Archer-Lean, C. (2021). Animal Representative Presence: Problems and Potential in Recent Australian Fiction. In J. Gildersleeve (Ed.), The Routledge Companion to Australian Literature (pp. 282–291). Routledge.
What scholarly disciplines are most relevant to this publication?
This chapter is situated in Australian literary studies as part of the new Routledge Companion to Australian Literature, and more specifically is a work of literary animal studies. A whole chapter on animals in this new companion marks a time where speciesism generally and animal representation specifically are generating critical attention in in Australian literary studies.
How would you describe this work to a non-academic interested in animal advocacy?
I discuss several recent works of Australian fiction to explore how animals are represented, arguing that while many Australian writers (post-invasion) present animals as local colour, or symbols, since the mid-1990s, there has been a shift in the game, with writers exploring the material realities of more-than-human representations, as well as critiquing the violence implicit in the human/more than human relationship.

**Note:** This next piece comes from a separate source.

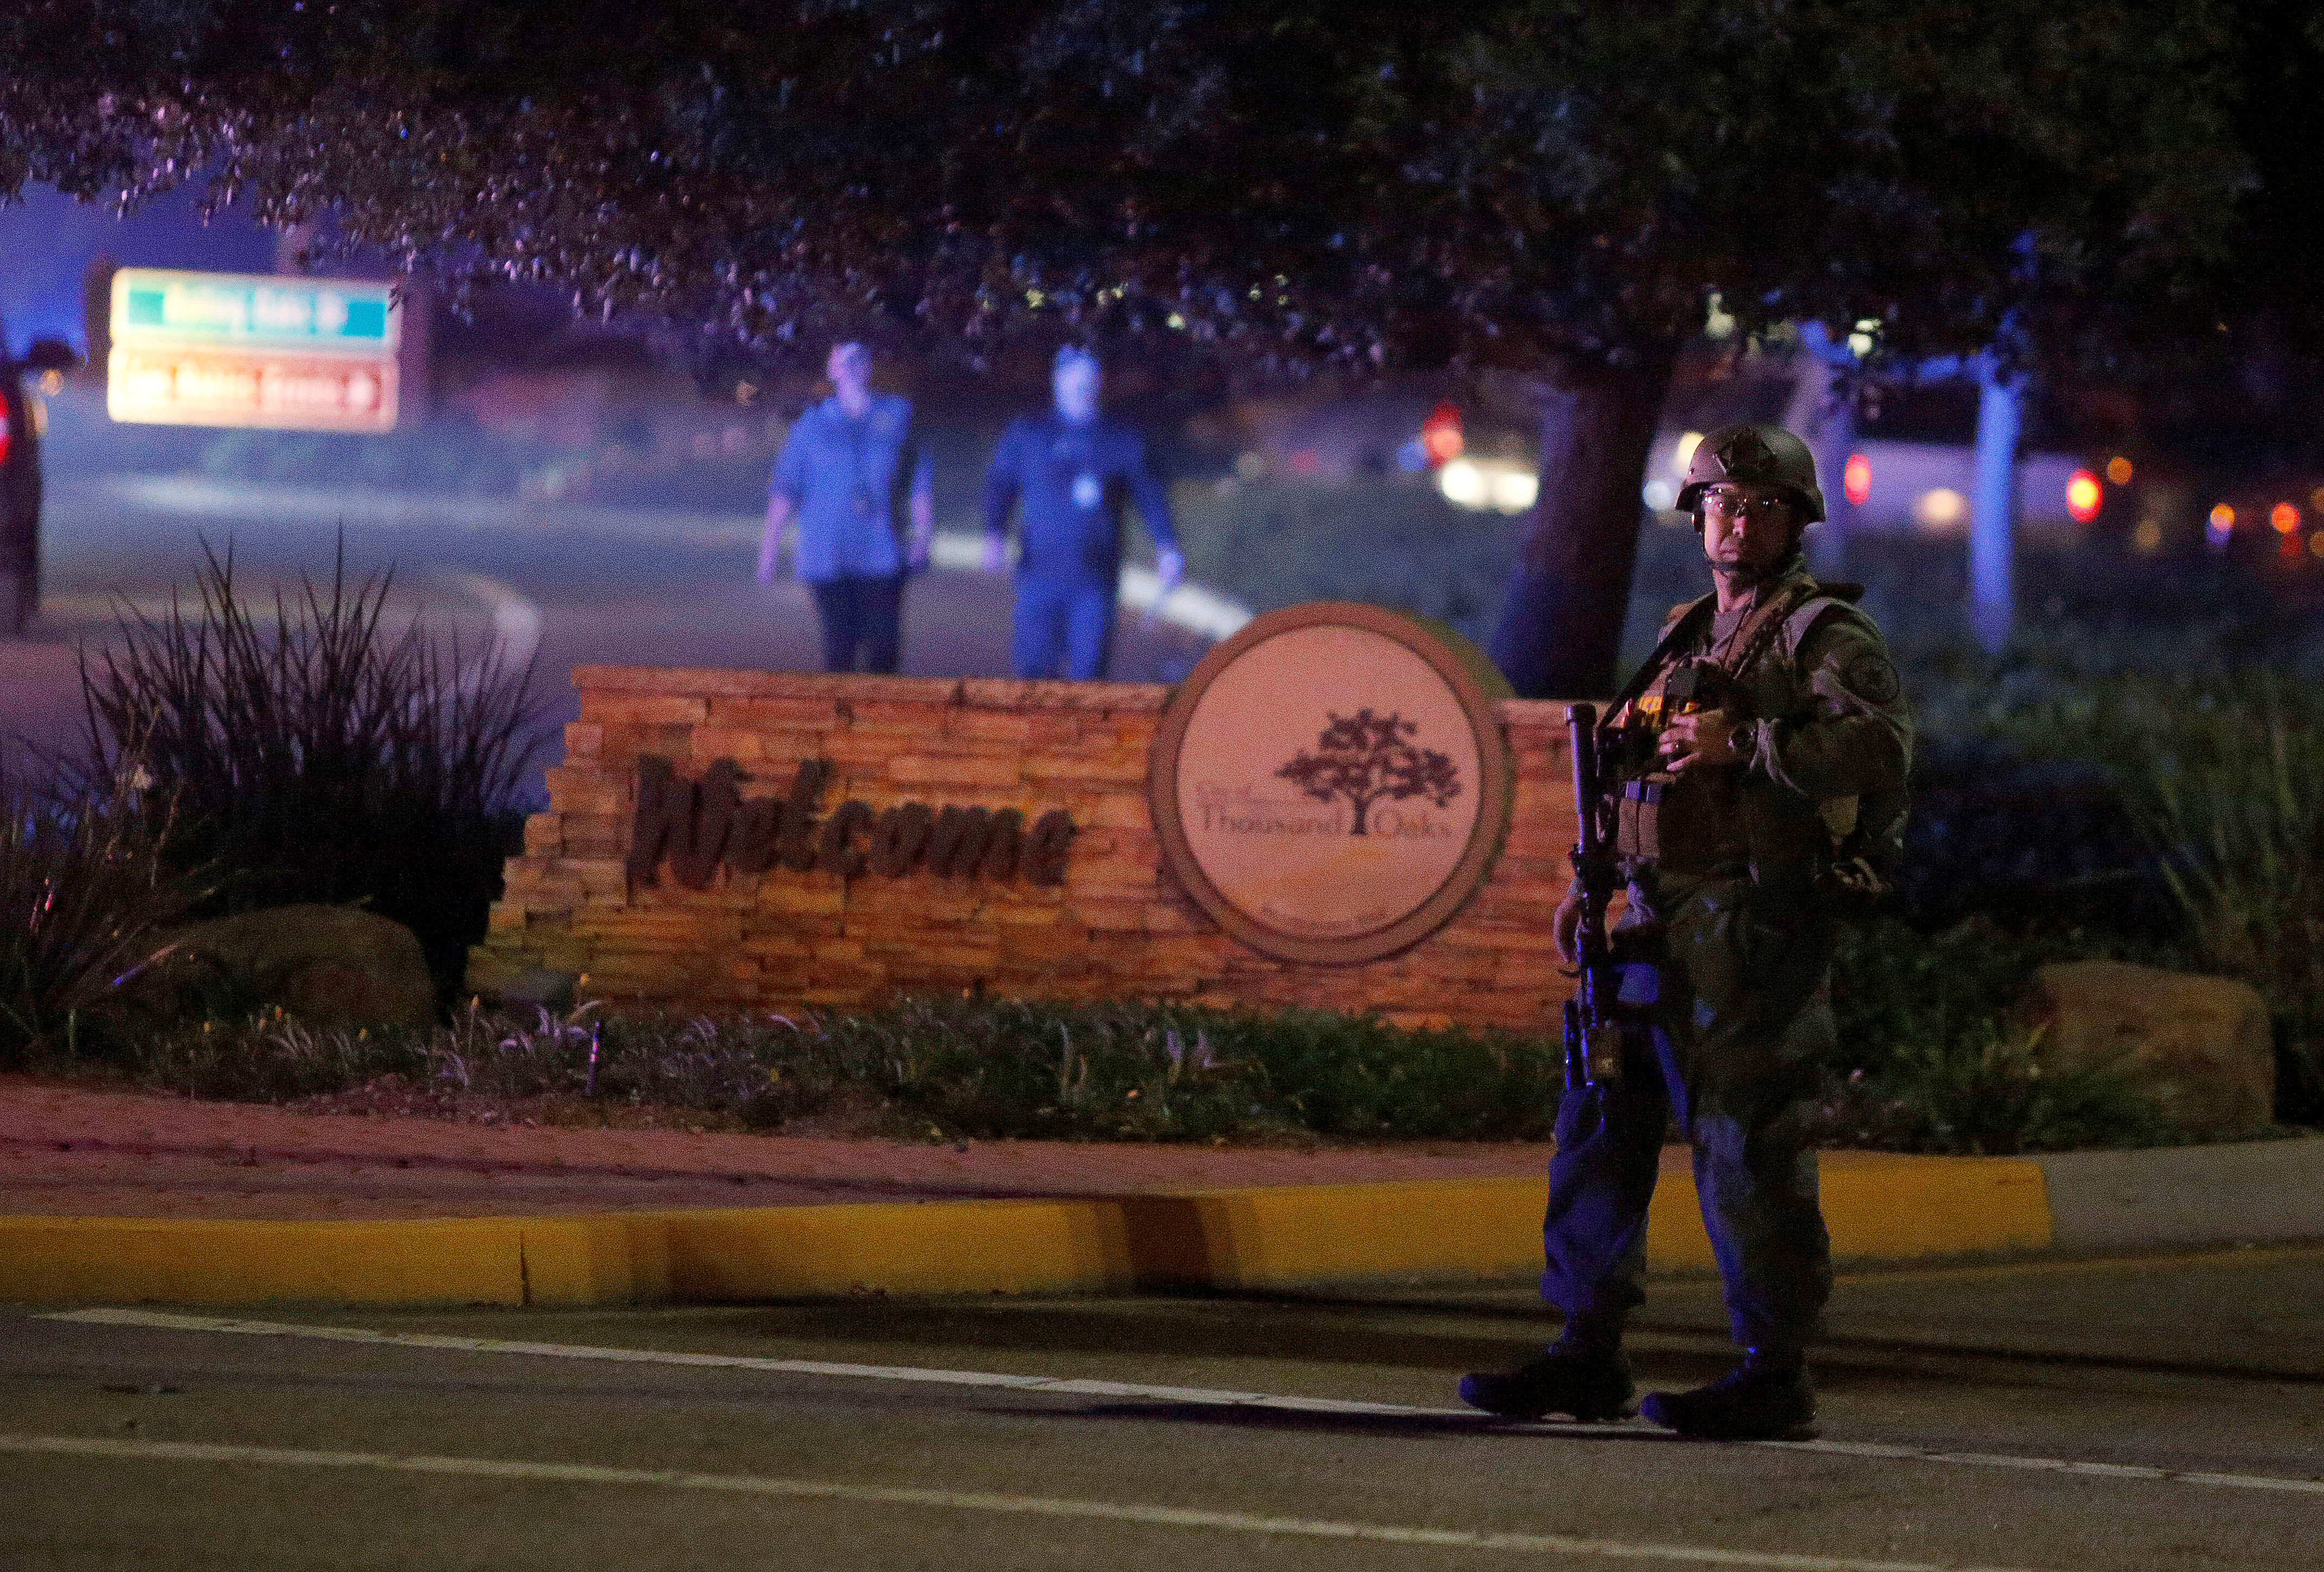 Police guard the site of a mass shooting at a bar in Thousand Oaks, California, U.S. November 8, 2018. REUTERS/Ringo Chiu

I then examine the ways these different figurations intersect with and are often overshadowed by a critique of patriarchal representations of women. My focus case for this investigation is the Stella award winning novel The Natural Way of Things (2015)by Charlotte Wood. I argue that this feminist dystopian work replicates some of the paradoxes of feminist prose in relation to nonhuman animals. The novel both resists and is complicit in a figuring of animals in reductive ways as it critiques Australian patriarchy and sexual violence.
How do you see your work relating to human-nonhuman relations?
Representation is important in determining outcomes for nonhumans. Human beings are story making animals, and our stories are not just a reflection of who we are but what we can be. Our stories are shaped by the terms and frames we use to understand other animals in many areas and disciplines. The representational realm of fiction specifically, and the epistemological positioning of animals more broadly, is a way of focusing on how nonhuman animals are represented and the implications this has for their treatment and agency in our complex shared worlds.
What are you working on next?
I am continuing to explore recent Australian literary figuring of animals. There are so many exciting new authors in this space. For example, I recommend to blog readers AASA’s own highly awarded author, Laura Jean McKay. I am also beginning an interdisciplinary project investigating the ways in which the camp dog is represented in various disciplines.
Bio: Clare Archer-Lean is a senior lecturer with the University of the Sunshine Coast, where she researches shifts in animal representations in contemporary Australian fiction, its links with decolonising approaches to reading and the interdisciplinary applications of both.